**DATA PROVIDED**.
[Start of Attachment]

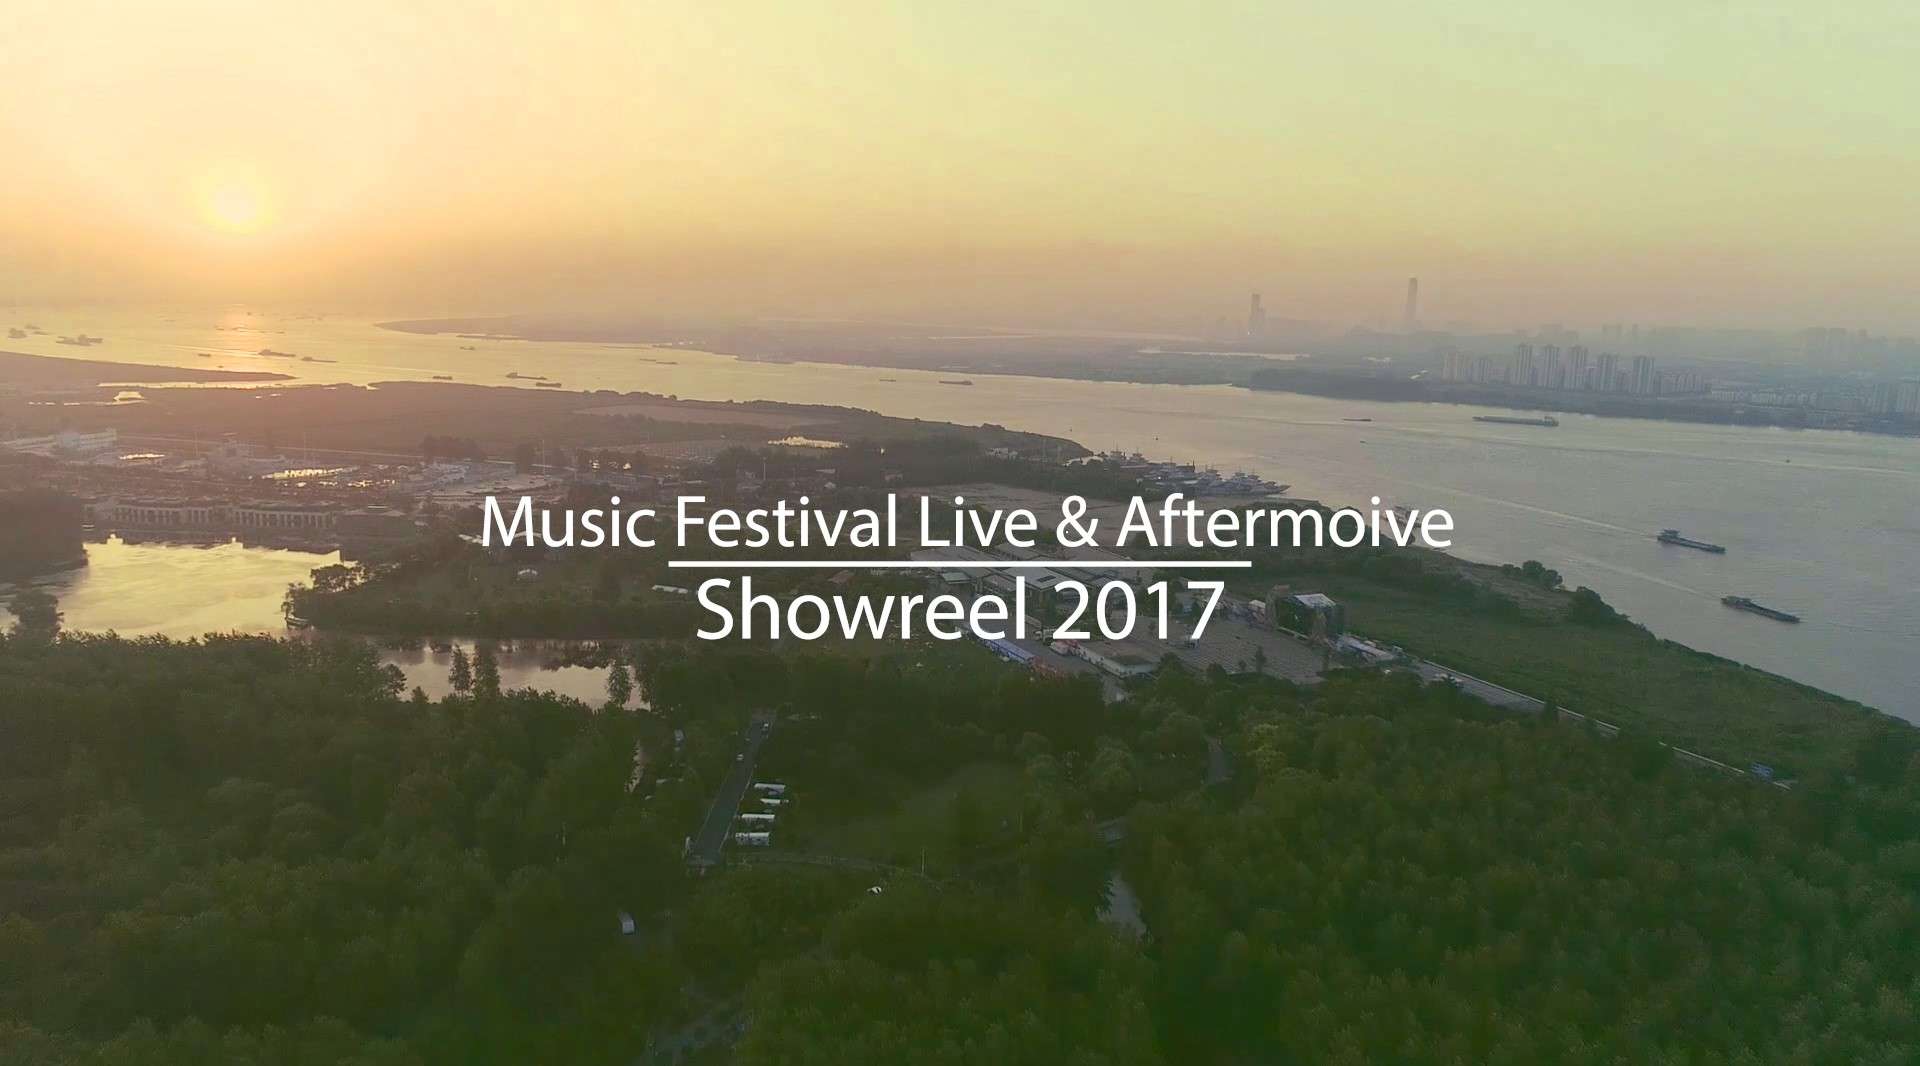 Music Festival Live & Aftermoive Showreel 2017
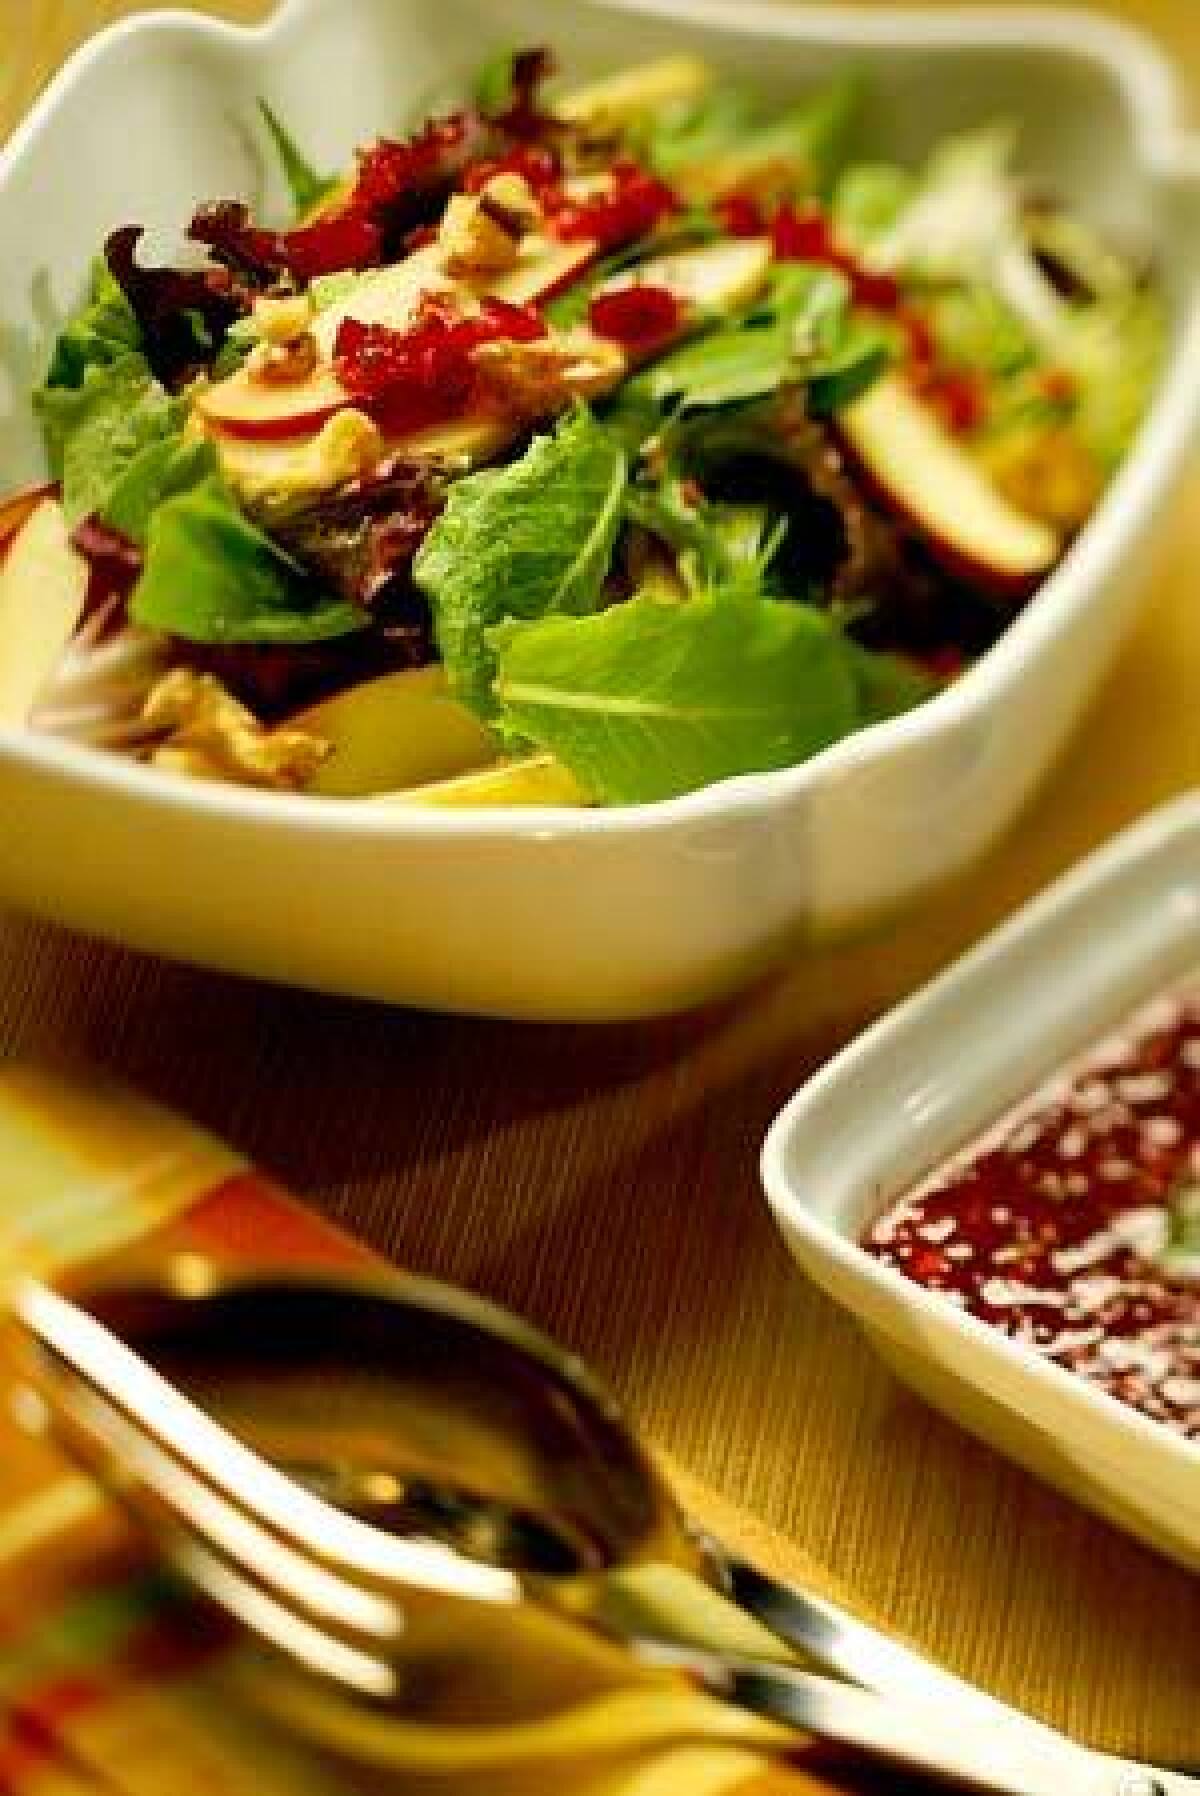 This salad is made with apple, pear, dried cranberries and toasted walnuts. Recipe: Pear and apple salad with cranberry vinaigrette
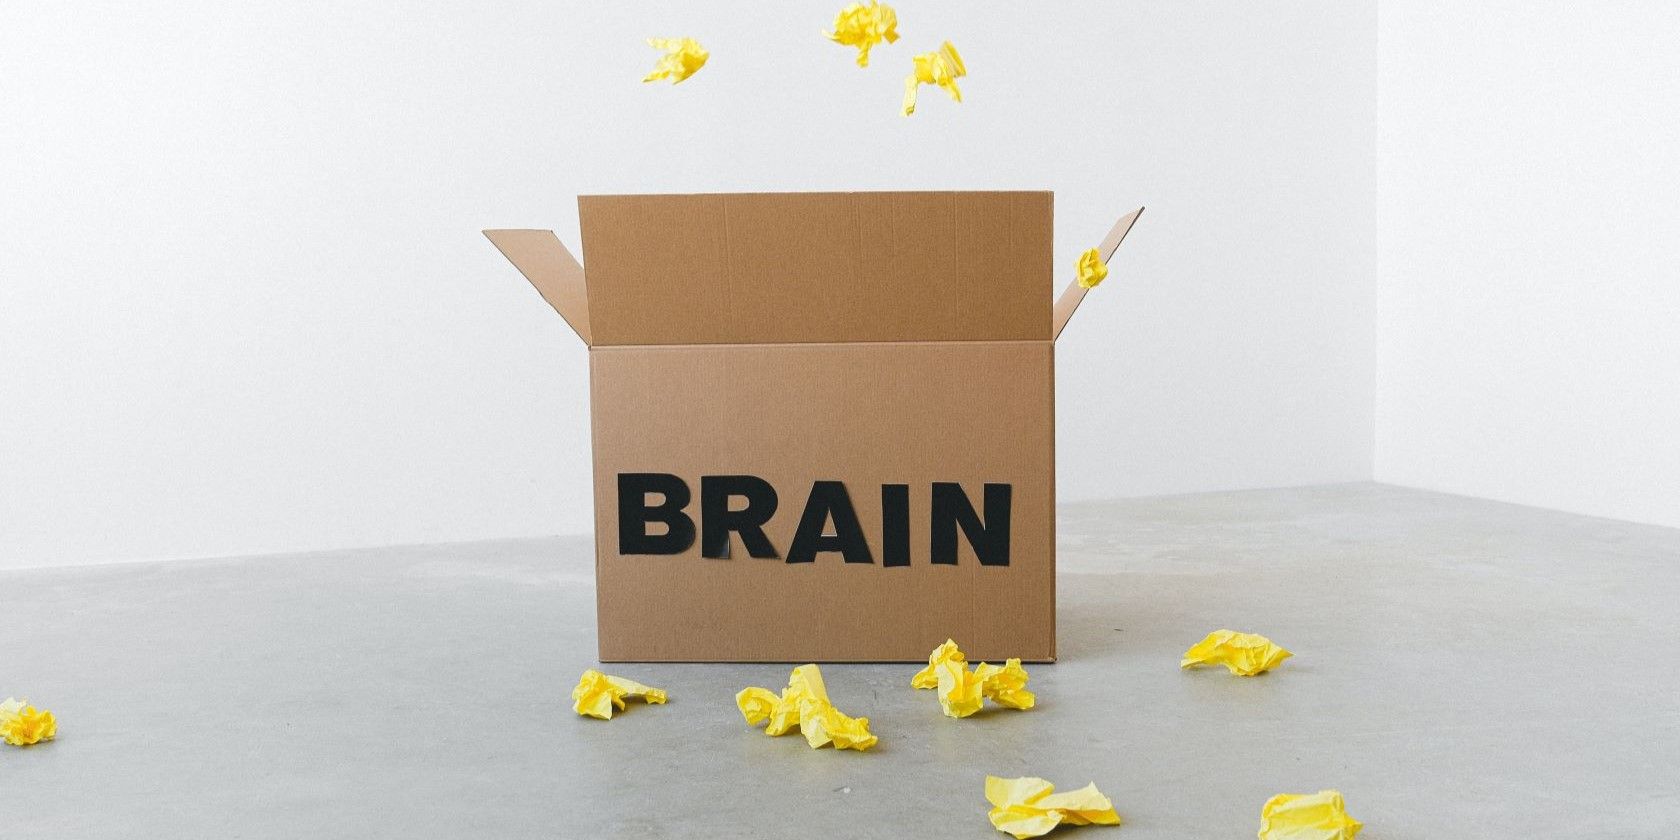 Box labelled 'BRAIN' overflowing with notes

[End of Attachment]

**WHAT YOU WILL DO**. Down to the last line, set down the data above exactly, and omit all images.

**ANSWER TO THIS TASK**.
 Music Festival Live & Aftermoive Showreel 2017
 This salad is made with apple, pear, dried cranberries and toasted walnuts. Recipe: Pear and apple salad with cranberry vinaigrette
 Box labelled 'BRAIN' overflowing with notes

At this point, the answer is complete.